At what redshift do we want to work? • Shanks argues that the z<1 universe of galaxies is “solved”. But we saw lots of reasons to study it in more detail, including “archeology” via detailed spectral modelling of z~0 galaxies (Brinchmann, Maraston, Panter, Kauffmann, Gonzàlez-Delgado and others). • We are still trying to understand observationally the merger rate, and the drop in star formation rate since z~1 (Tresse). • We shouldn’t forget the archeology of studying our own Milky Way in detail, to learn about the formation of the galaxy we know best (SEGUE, RAVE, and other surveys).
The high redshift universe is interesting too! • Galaxy populations change dramatically at z>1.5. We argue over the galaxy census at z=3 and its connection to low redshift. • It is difficult work.
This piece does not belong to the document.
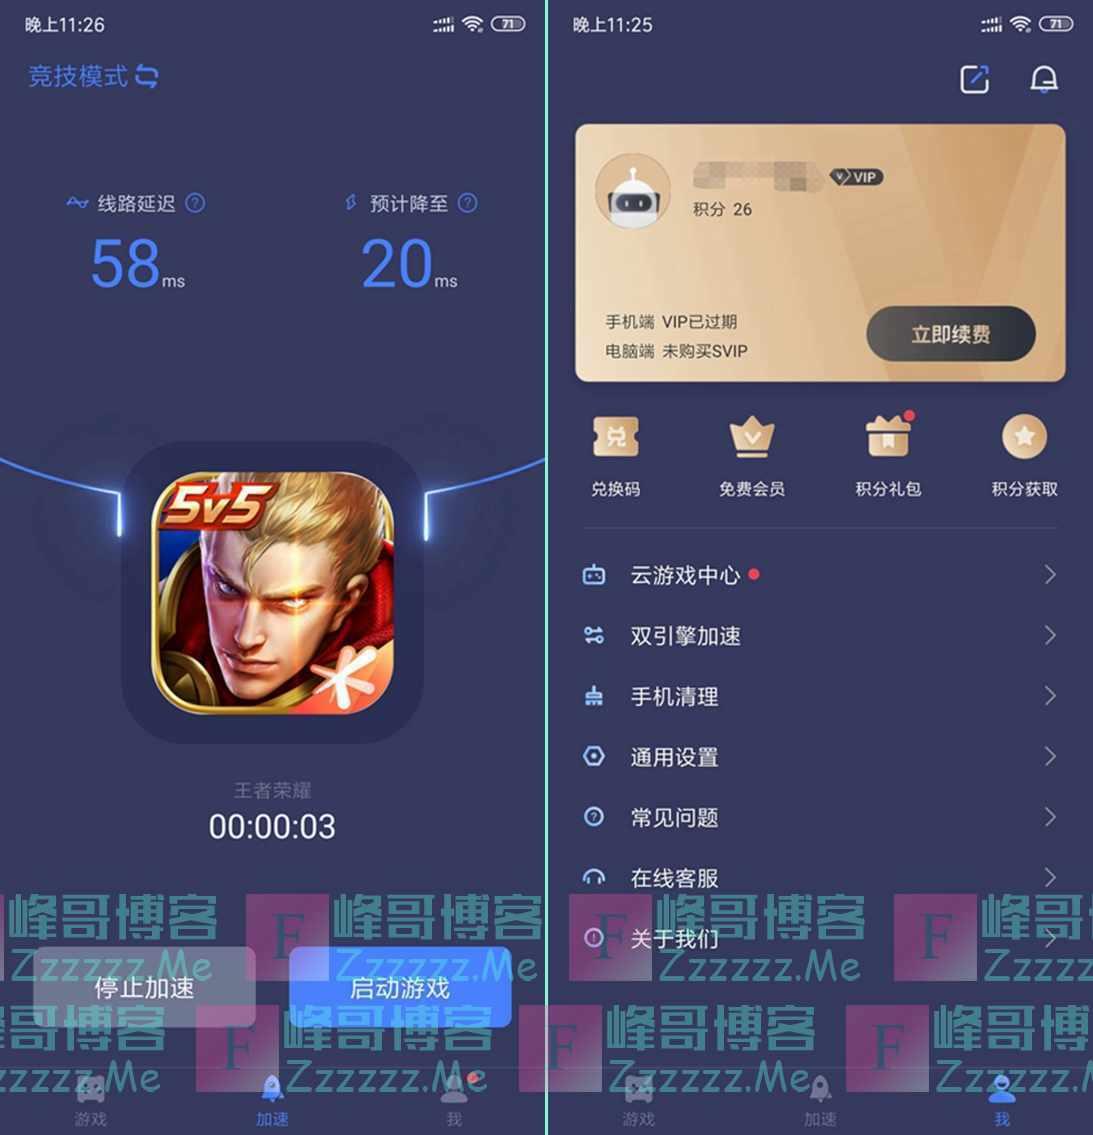 安卓迅游手游加速器V5.1.24.1 最新永久VIP会员破解版下载

Even getting redshifts at z>1.4 requires wide wavelength coverage, including NIR. Physical studies are even more difficult, but are very important. It will be a long time before we can hope for SDSS-like spectra at high z. • VVDS (Le Fèvre) and DEEP2 (Davis) show we can do large surveys at z~1, but we’re still very cosmic-variance limited. • We heard almost nothing about surveys at z≥3.
There is much work to be done on understanding UV spectra of galaxies (and stars!; Brinchmann, Heap), needed for high-z surveys. Emission-line ratios are interestingly different at z=2-3 and z=0!
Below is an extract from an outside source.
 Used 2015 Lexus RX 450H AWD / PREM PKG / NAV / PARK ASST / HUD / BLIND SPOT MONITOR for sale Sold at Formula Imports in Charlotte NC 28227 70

We also haven’t mentioned other types of spectroscopy: • SKA: A neutral hydrogen spectroscopic census out to z~1: the cold gas component of galaxies. • The IGM, as studied through the Ly forest of quasars (or galaxies for the ELTs), or via UV emission detected by dedicated telescopes (Tresse, White).
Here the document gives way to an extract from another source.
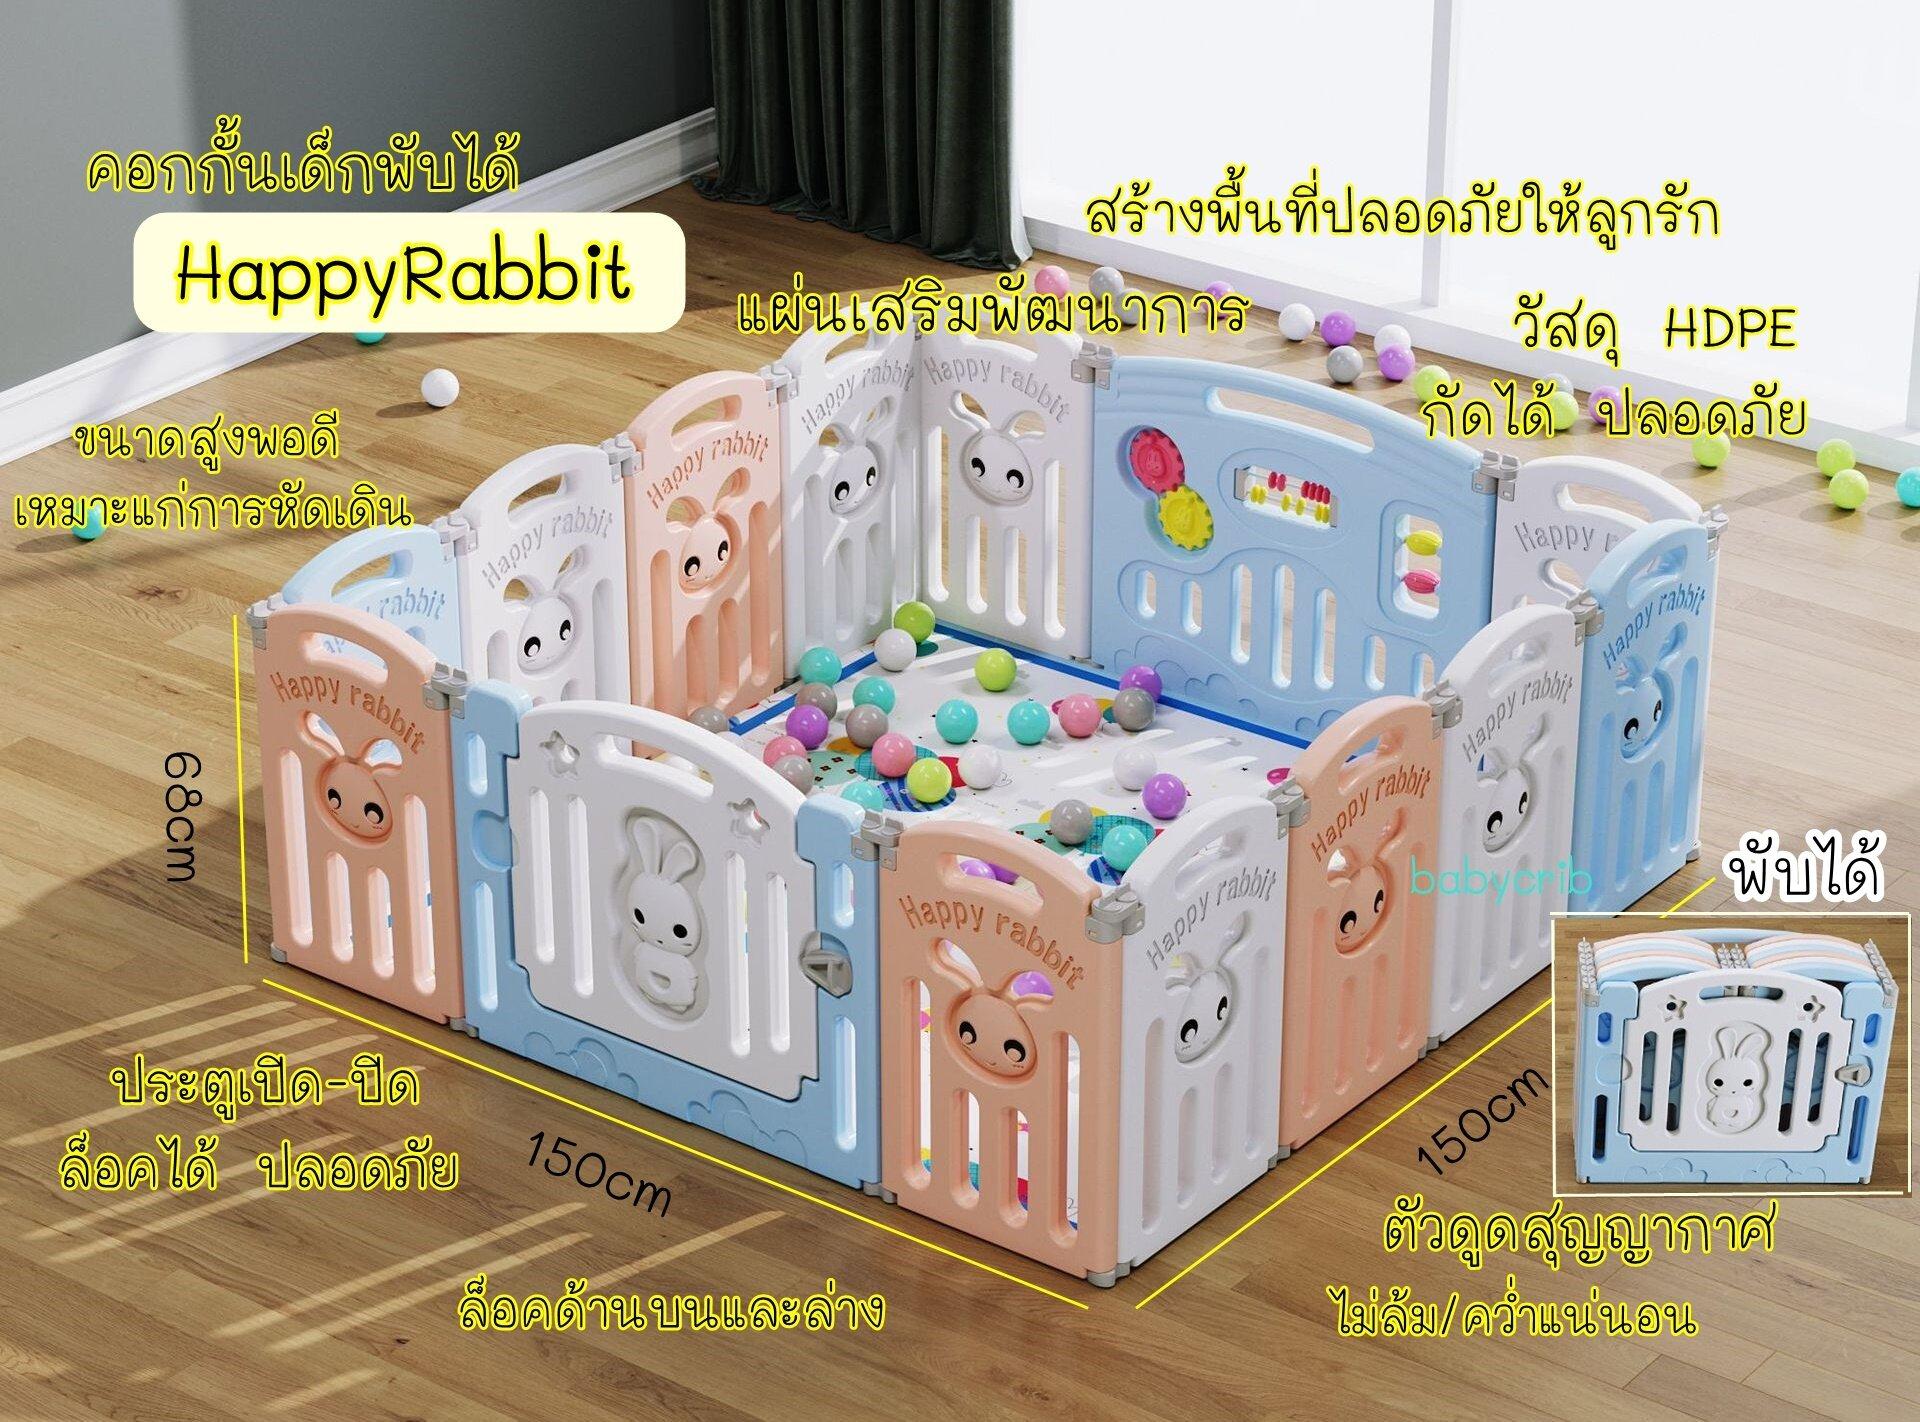 ส่งฟรี คอกกั้นเด็กพับได้ HappyRabbit ปีนไม่คว่ำ วัสดุHDPEกัดได้ ปลอดภัย สูง68ซม มีประตูเปิด-ปิด มีแผ่นเสริมพัฒนาการ สร้างพื้นที่ปลอดภัยให้ลูกก

BAO or galaxy studies? • Why is there a choice? Surveys like SDSS have shown that you can do cosmology and get spectra to study galaxy properties at the same time. This of course gets increasingly difficult as you get fainter… • BAO is a growth industry (Nichol, Schlegel, Totani, Shanks). We can argue about whether it is “fundamental” and where we should put all our energy, but the acceleration of the universe is an astronomically observed fact, and we need to probe it in as many ways as we can.
Making surveys work: it is not just building an instrument! • Line up funding in advance! (SDSS’ mistake…) • Get strong project management (another SDSS mistake). • Build your system with specific surveys in mind! • Be patient. • Software is at least as important as the hardware. Don’t cut corners. Automate redshift estimation! • Those that build the hardware and the survey will be too tired/busy to do the science; make sure young people have plenty of opportunity and freedom to lead the science analyses. And make sure that the community recognizes who did the work! (Nichol, White) • Outreach (Letterman, Google Earth…)
Wide-field spectroscopy in the future • We heard about many wonderful projects that will soon get underway or are poposed: Wigglez, FMOS , , zCOSMOS, WMOS, KMOS, SIDE, BOSS, HETDEX (Sorry to Tom for the acronyms!) • There are other related projects not discussed here: LAMOST, ADEPT, SPM, RAVE, SKA, SPACE. No doubt I’m missing some important ones… • The field will remain vibrant with the advent of the 20-40 meter telescopes (Colless). Moreover, there will be plenty of survey work to keep the 4- and 8-meters busy for at least several decades.
Let us close by thanking Paco, Antonio and Christian for organizing such a scientifically productive meeting in such a beautiful and fascinating place!